Nel 1942, quando in seguito all’occupazione giapponese tutti i missionari e il personale della Missione erano chiusi in un campo di concentramento, fu Pietro che con la sua costante presenza assicurò le celebrazioni del culto, l’insegnamento del catechismo e la distribuzione dell’Eucaristia ai malati ed ai moribondi. Siccome la chiesa principale venne distrutta, egli costruì come punto di riferimento per la comunità cattolica una chiesa di frasche. Pertanto, fu deciso di vietare il culto cristiano e che i Tolais facessero ritorno alla precedente pratica della poligamia. To Rot si oppose decisamente a tutto questo. Non ebbe paura di contrastare pubblicamente il suo stesso fratello Joseph. Anzi, fu in questa occasione che entrò in conflitto con l’ufficiale di polizia giapponese, Meshida, e peggio ancora, con il poliziotto indigeno metodista, To Metapa, che aveva messo gli occhi su una donna cattolica già sposata e lontana parente di Pietro. To Metapa, con il suo desiderio di vendetta, denunciò Pietro di aver unito in matrimonio una coppia di sposi venuti da un altro villaggio. To Rot fu arrestato nell’aprile-maggio 1945. Quando nel suo interrogatorio, condotto dal­l’ufficiale Meshida, alla domanda in riferimento alle cerimonie religiose: «Non sai che tali atti sono proibiti? » rispose: si, Meshida lo colpi alla testa con un bastone e continuò a picchiarlo alle costole e al collo. Poi lo internò in un campo di concentramento allestito intorno ad una caverna senza permesso di uscire dalla cella. Un compagno di detenzione riferiva: « Era visitato spesso in prigione dall’anziana madre e da sua moglie, che gli portavano da mangiare tutti i giorni. In una delle ultime visite, To Rot disse alla madre: la polizia mi ha detto che sta aspettando il medico giapponese che viene per darmi una medicina. Ho il sospetto che questa sia tutto un trucco. Veramente io non sono malato e non so cosa significhi tutto questo ».

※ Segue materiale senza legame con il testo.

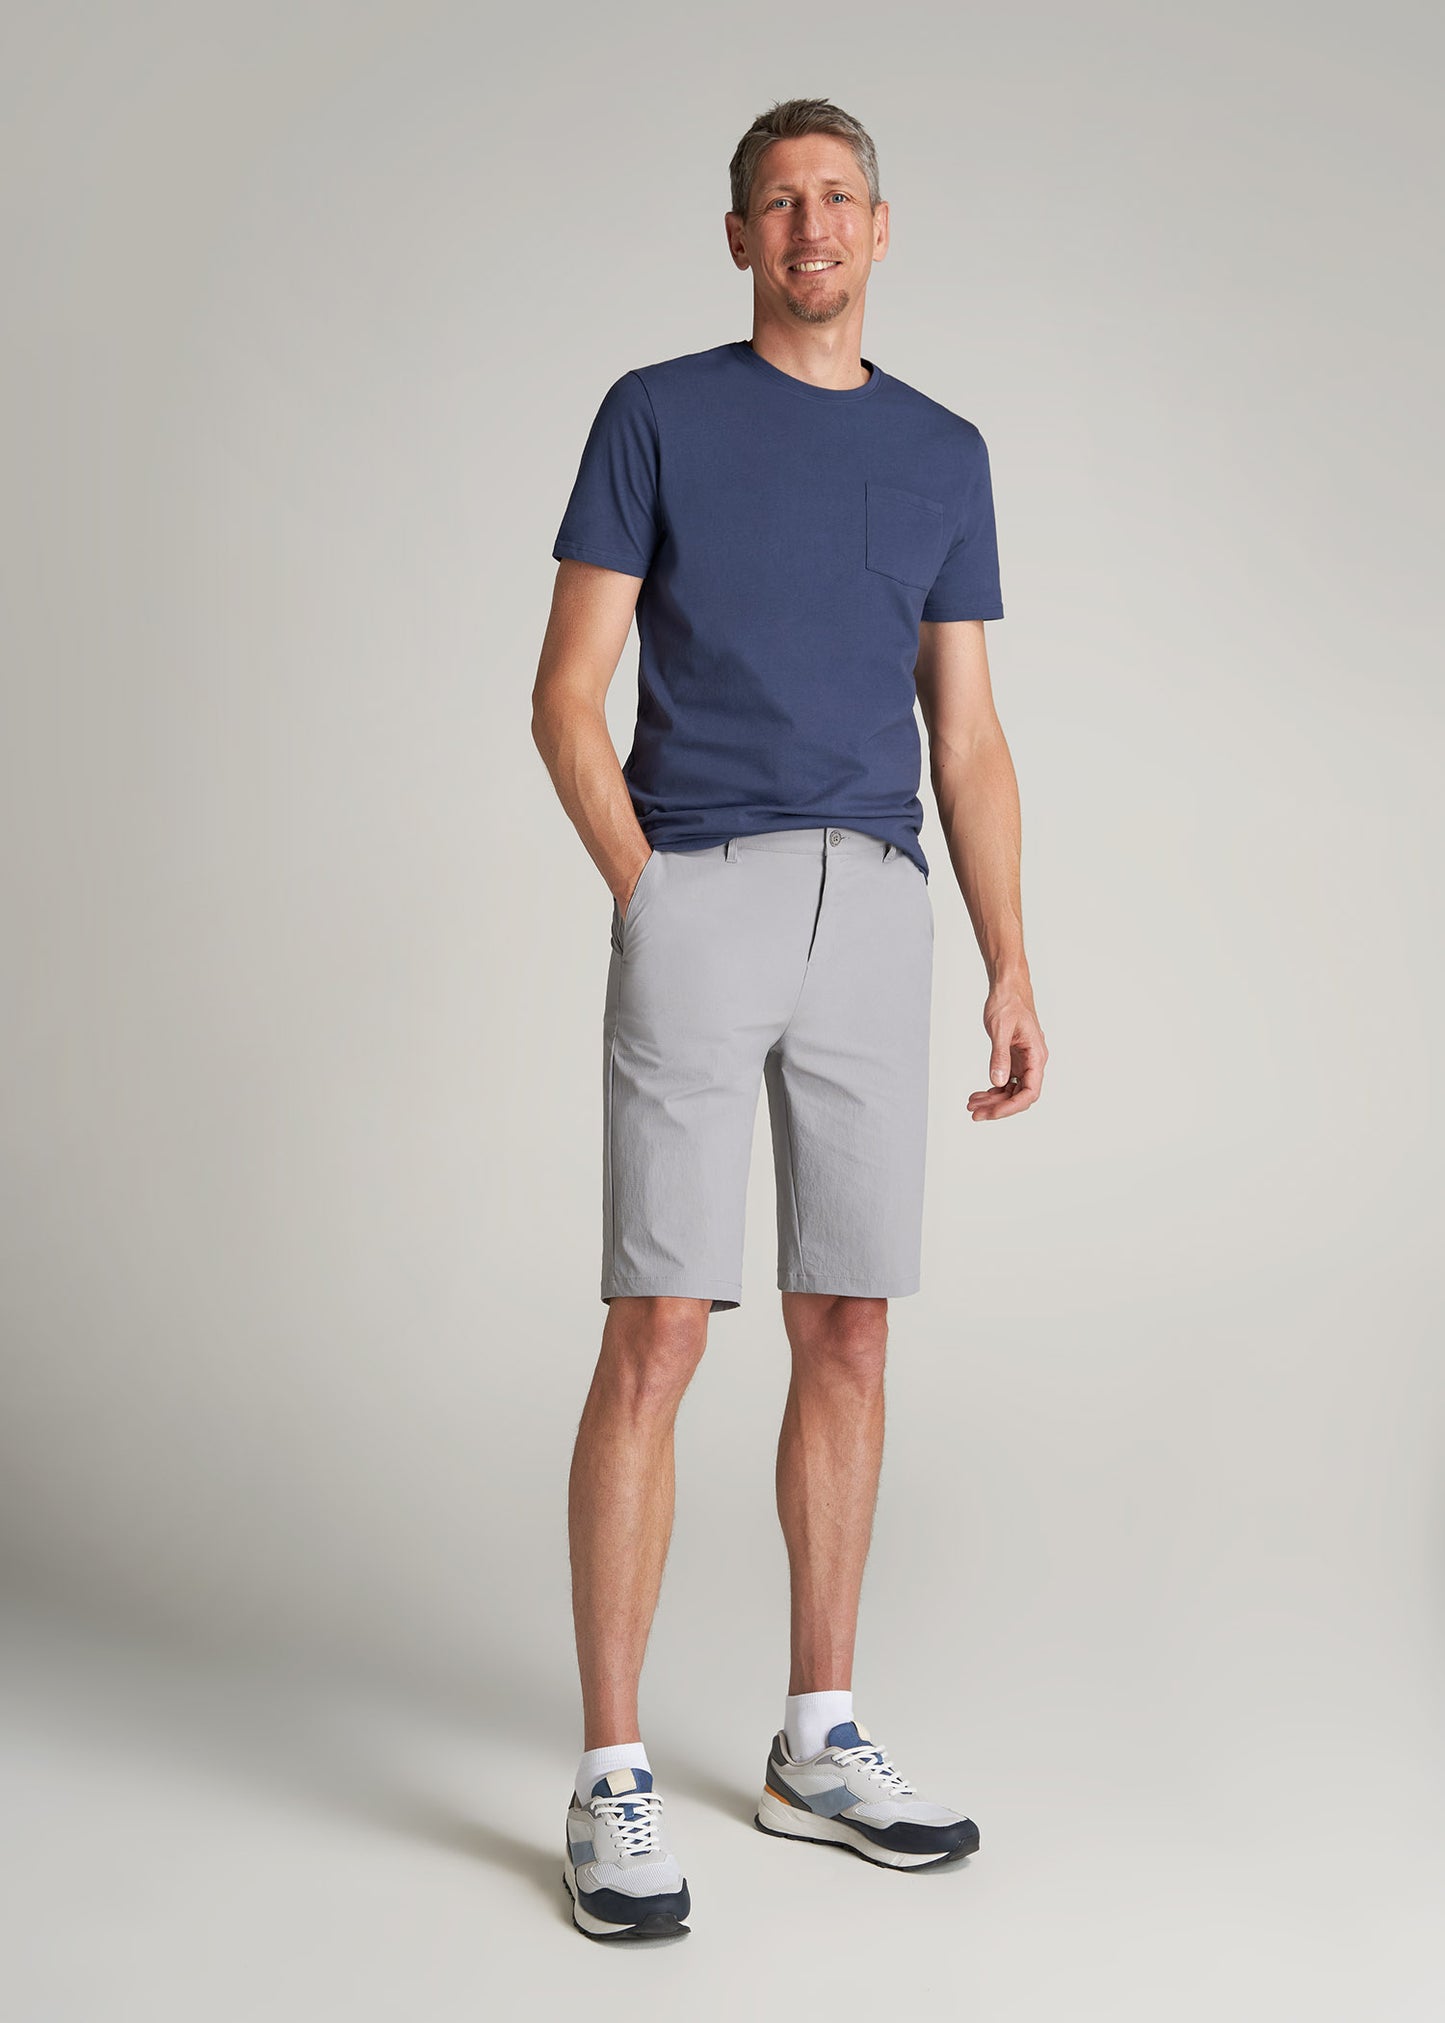 A tall man wearing American Tall's Premium Hybrid Shorts in Night Owl Grey and Everyday Pocket T-Shirt in Navy.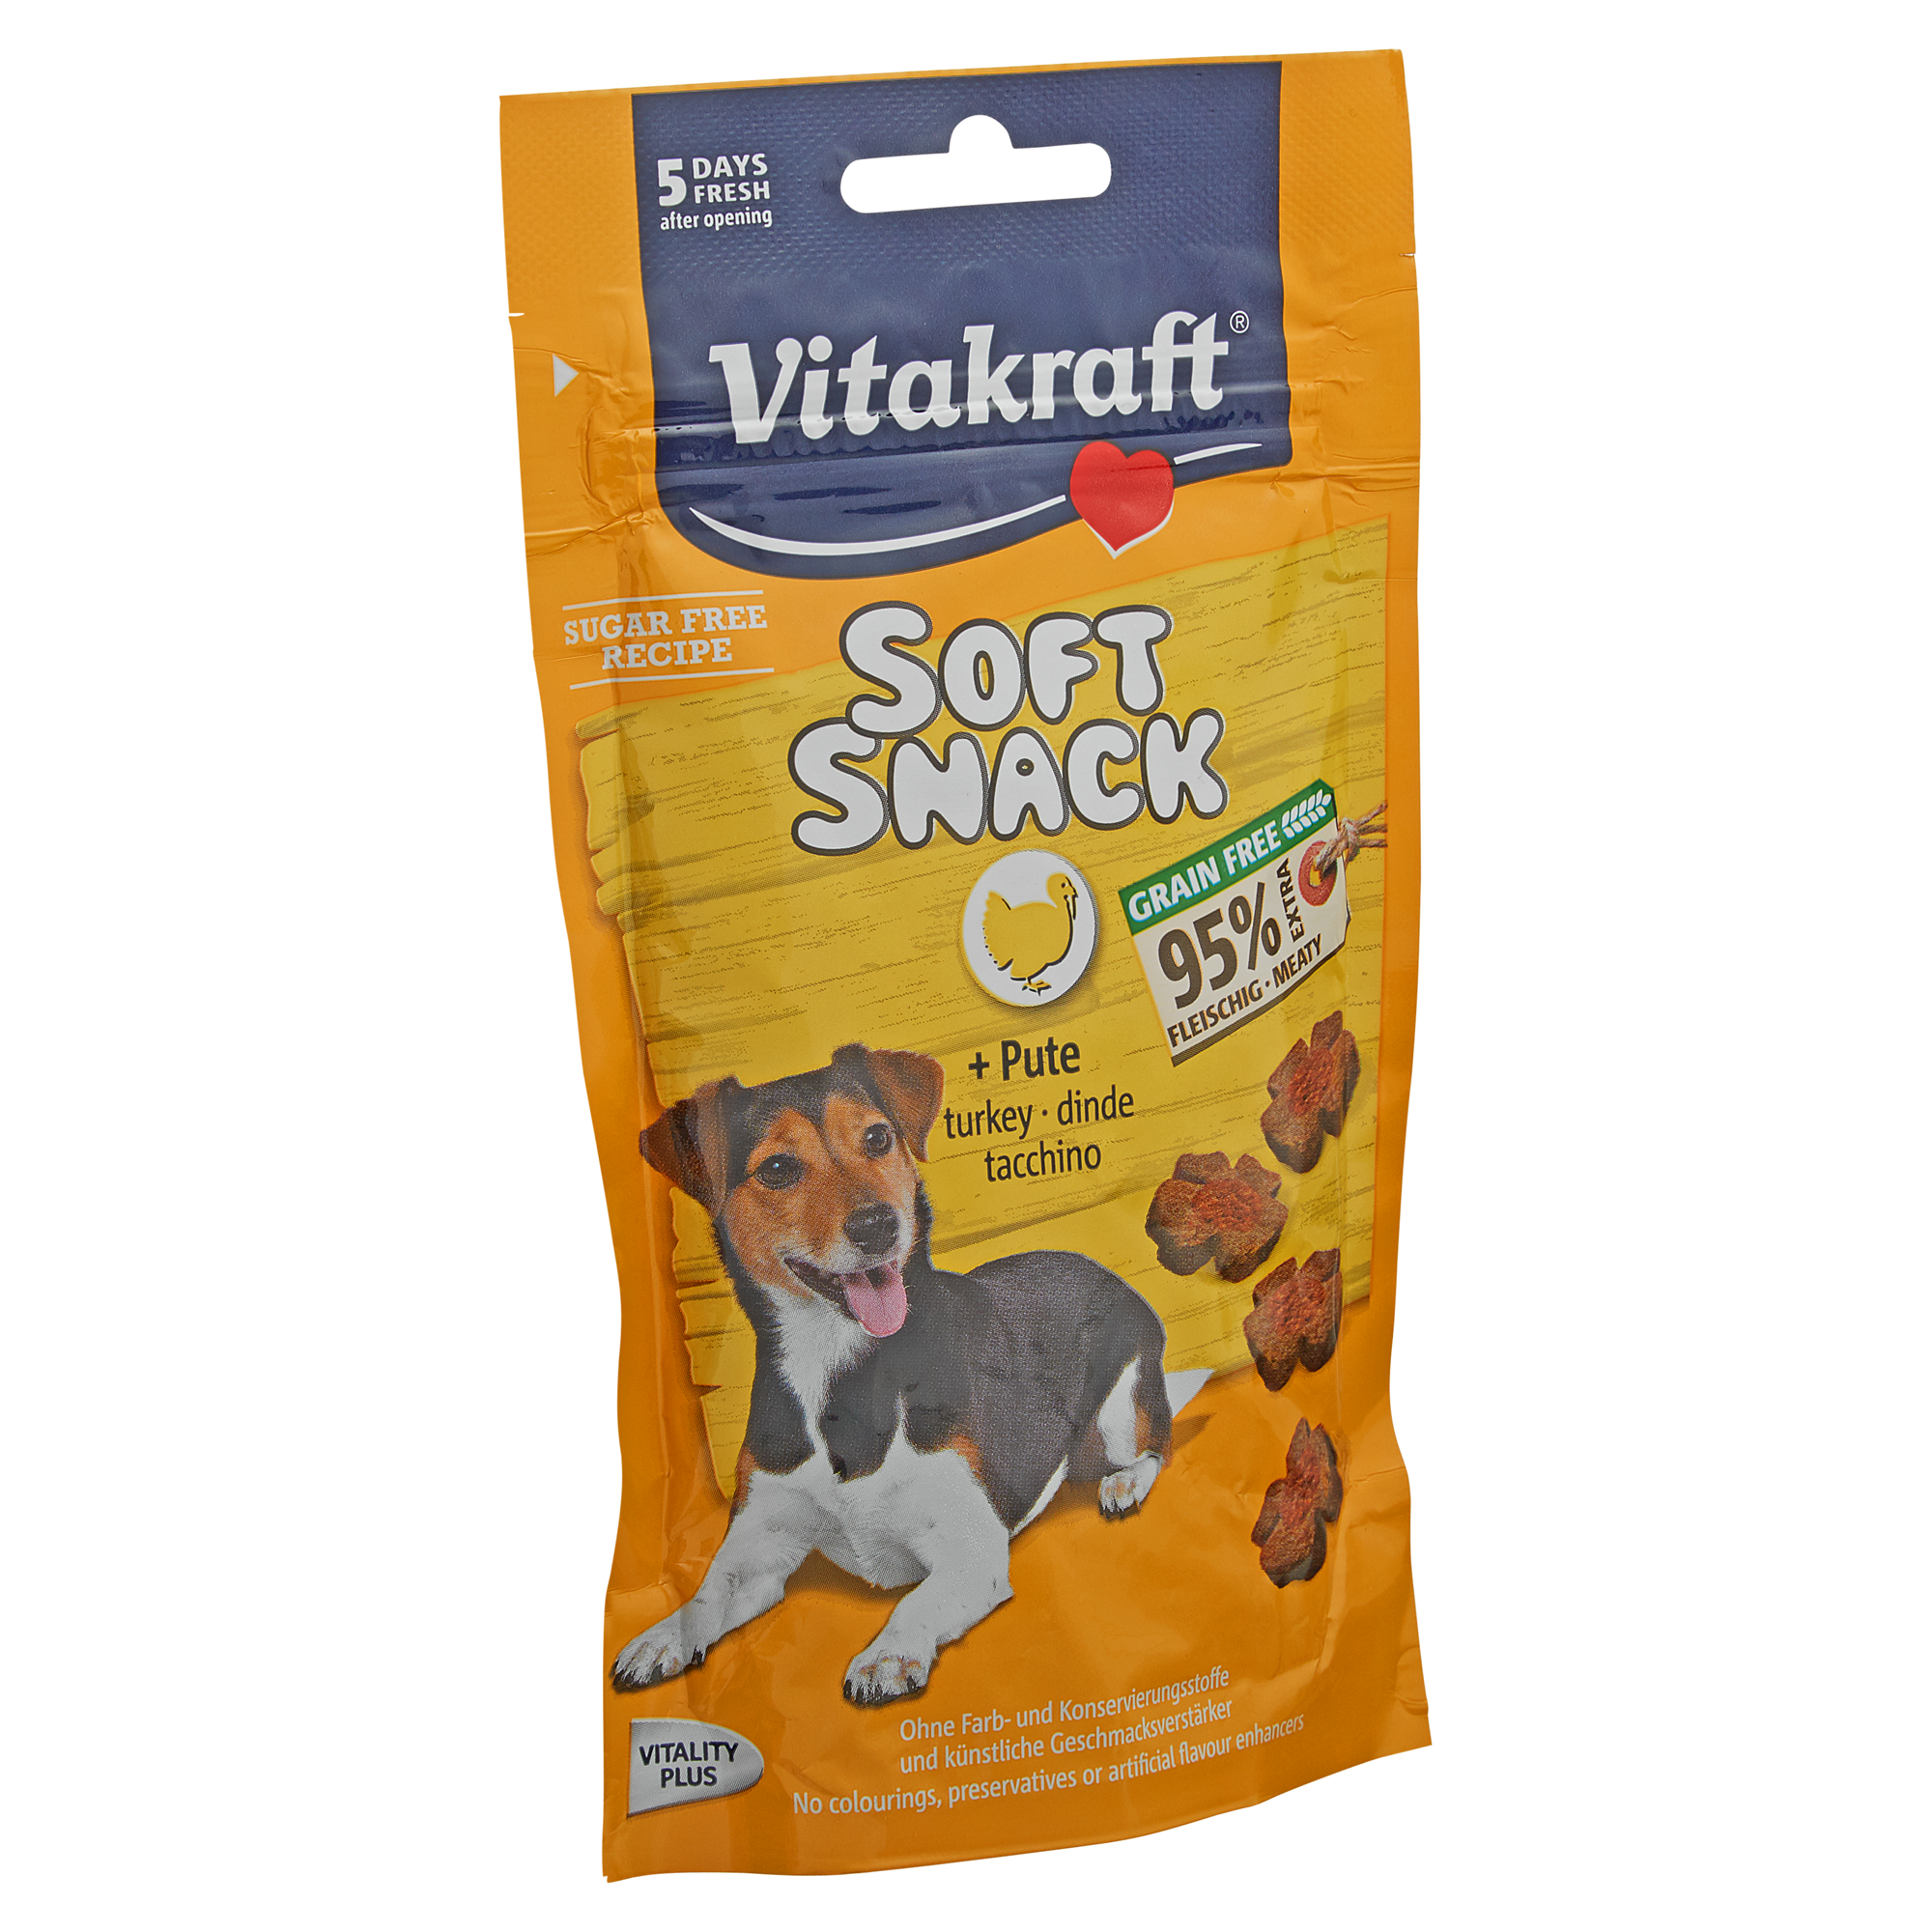 Hundesnack "Soft Snack" mit Pute 55 g + product picture

Appena giunse il medico, il prigioniero To Bunabak dovette chiamare Pietro perché si presentasse dal medico. To Bunabak, l’unico testimone oculare del martirio, osservò l’agire del medico da un nascondiglio: Il dottore aveva fatto un’iniezione a Pietro, gli aveva dato qualcosa da bere, e infine gli aveva turato le orecchie e le narici con del cotone idrofilo.

Poi lo fecero sdraiare. Pietro fu colto da convulsioni e diede l’impressione di voler vomitare. I1 « medico » gli coprì la bocca e gliela tenne chiusa. Le convulsioni continuarono per un po‘, mentre il dottore lo teneva fermo. Pietro cadde in uno stato di incoscienza, e dopo molto tempo esalò l’ultimo respiro. I Giapponesi dissero ai famigliari che era morto a causa d’una malattia e resti­tuirono il corpo. La folla immensa che partecipò alla sepoltura di Pietro, nono­stante la presenza della polizia giapponese, attribuì immediatamente a Pietroriconoscimento del martirio.

La sua tomba si trova nella cappella adiacente alla Chiesa di Pietro To Rot a Rakunai, East New Britain, Papua Nuova Guinea.

Il 17 gennaio 1995, Pietro To Rot è stato proclamato Beato da Papa Giovanni Paolo II a Port Moresby, Nuova Guinea.